Omar Aguilar, chief investment officer for equities who oversees $120 billion in assets, told Business Insider on Thursday that his team is tilting clients to consider growth areas in developed markets like Japan and the Eurozone.
But to advise clients to reduce exposure even further, Aguilar says three things have to happen.
First, Aguilar said gross domestic product would have to continue declining. On Friday morning, we got the advance estimate of fourth-quarter GDP, which showed that economic growth slowed to 0.8%.
The weakness in the fourth quarter was largely felt in the industrial sector as business fixed-investment spending fell at a 1.8% rate. This was the first decline since 2012.
But the real risk to the economy is that consumer spending joins capital expenditures in a slowdown. Consumer spending for the fourth quarter was stronger than expected, although Aguilar says it's a "big question mark" for Q1. The economy's main growth engines are investment and consumer spending.
Again, Friday's release was an advance estimate that will be revised twice over the next two months. But if the releases show any further weakness or come in below expectations this would be a signal to reduce exposure US stocks.
The second big signal Aguilar is looking for is more defaults in the risky high-yield credit space.

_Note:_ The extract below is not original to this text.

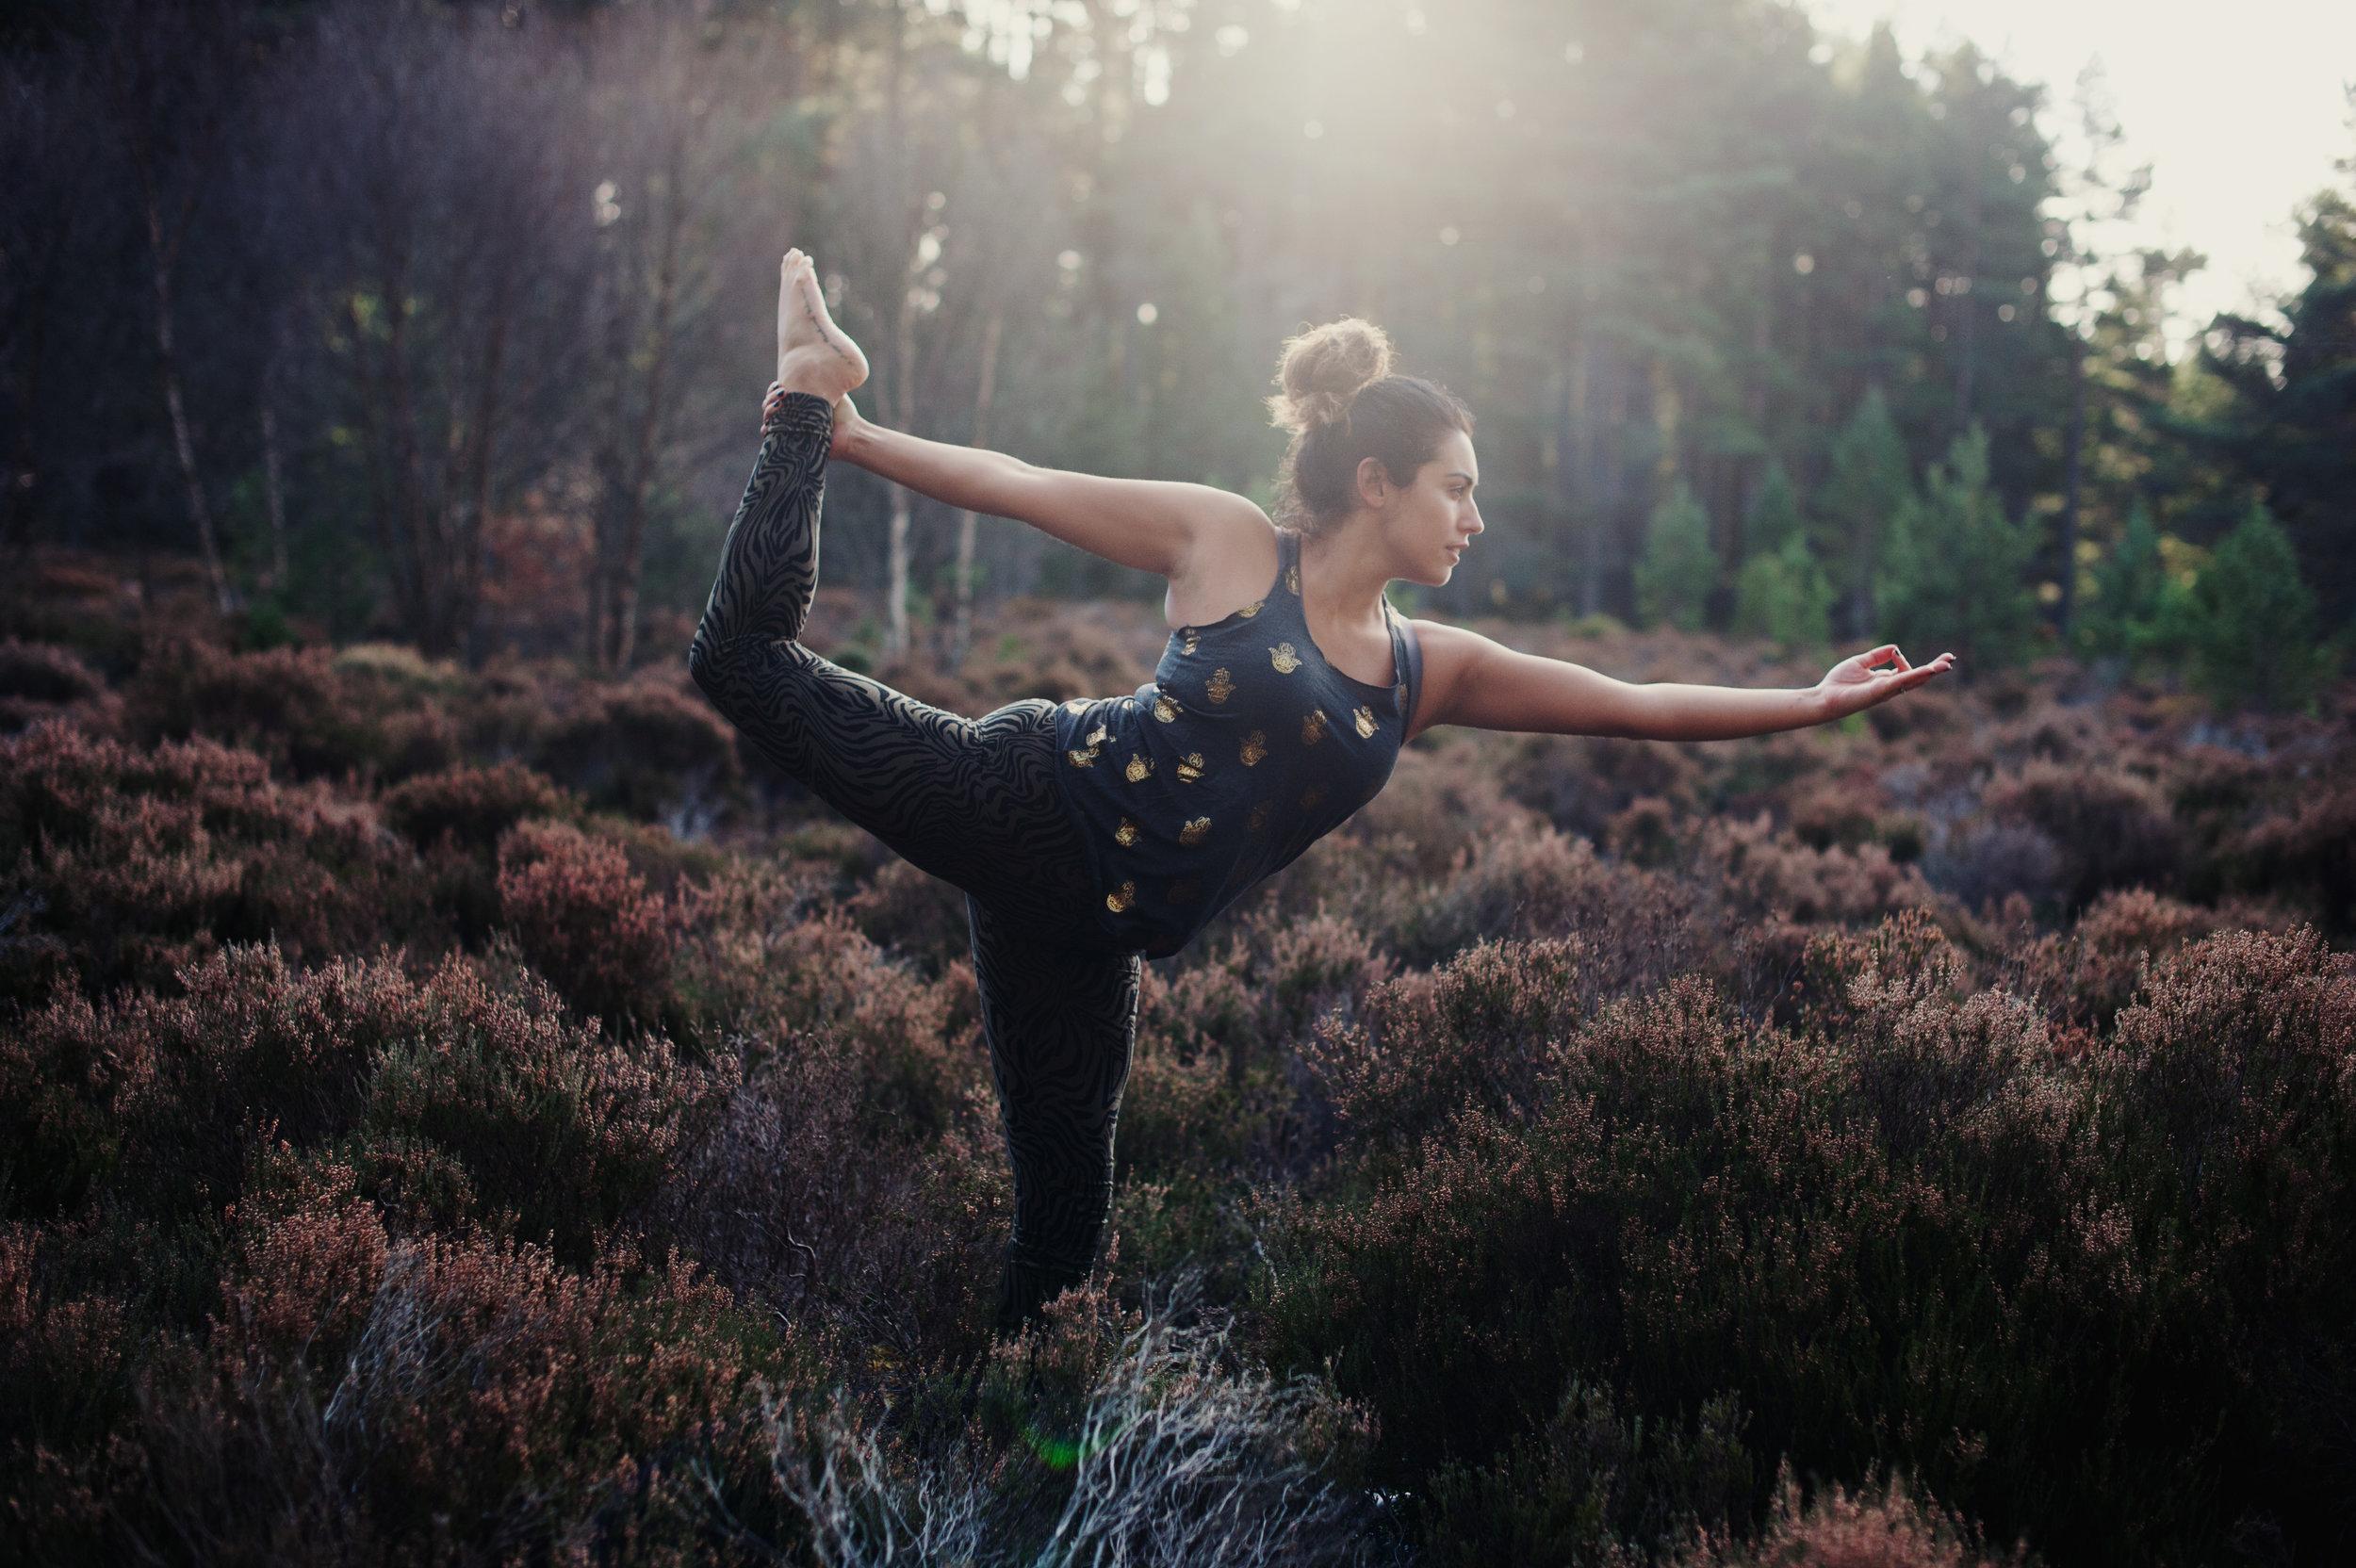 yoga-picture-scottish-highlands-2-warrior-dancer-pose.jpg

Defaults in the energy and mining sectors in particular jumped late last year as commodities tumbled and incomes dried up. And as the risk on junk bonds has increased, the spreads between their yields and comparable US treasury bonds have spiked to levels usually seen during recessions.
This is gloomy, but remember that the weakness has been dominated by energy companies amid plunging oil prices. A further widening in spreads, however, and Aguilar would know that it's time to sell more US stocks.
The final signal to sell more stocks for Aguilar would be a material change in the stock-market's valuation.
The market correction in January that brought stocks more than 10% below recent highs has made stocks cheaper than they were in December. (The simplest way to value stocks is their price-to-earnings ratio, which just takes the price of stocks and divides them by earnings, which necessarily means stocks get "cheaper" as the numerator gets smaller. Assuming, of course, earnings remain steady.)
However, Aguilar still thinks stocks are not crazy cheap and are at a merely average valuation relative to history. A sharp rebound in the market could tilt the scales even less in favor of stocks.
And so if the combination of these three factors were to play out and thus signal to Charles Schwab that it's time to reduce exposure even further, Aguilar expects this would occur be in the first half of the year.
This is not, however, Aguilar's base case.
"It will take more than [what's happening right now] for us to recommend people start going against the US," Aguilar said, "because we're still the best house in the neighborhood."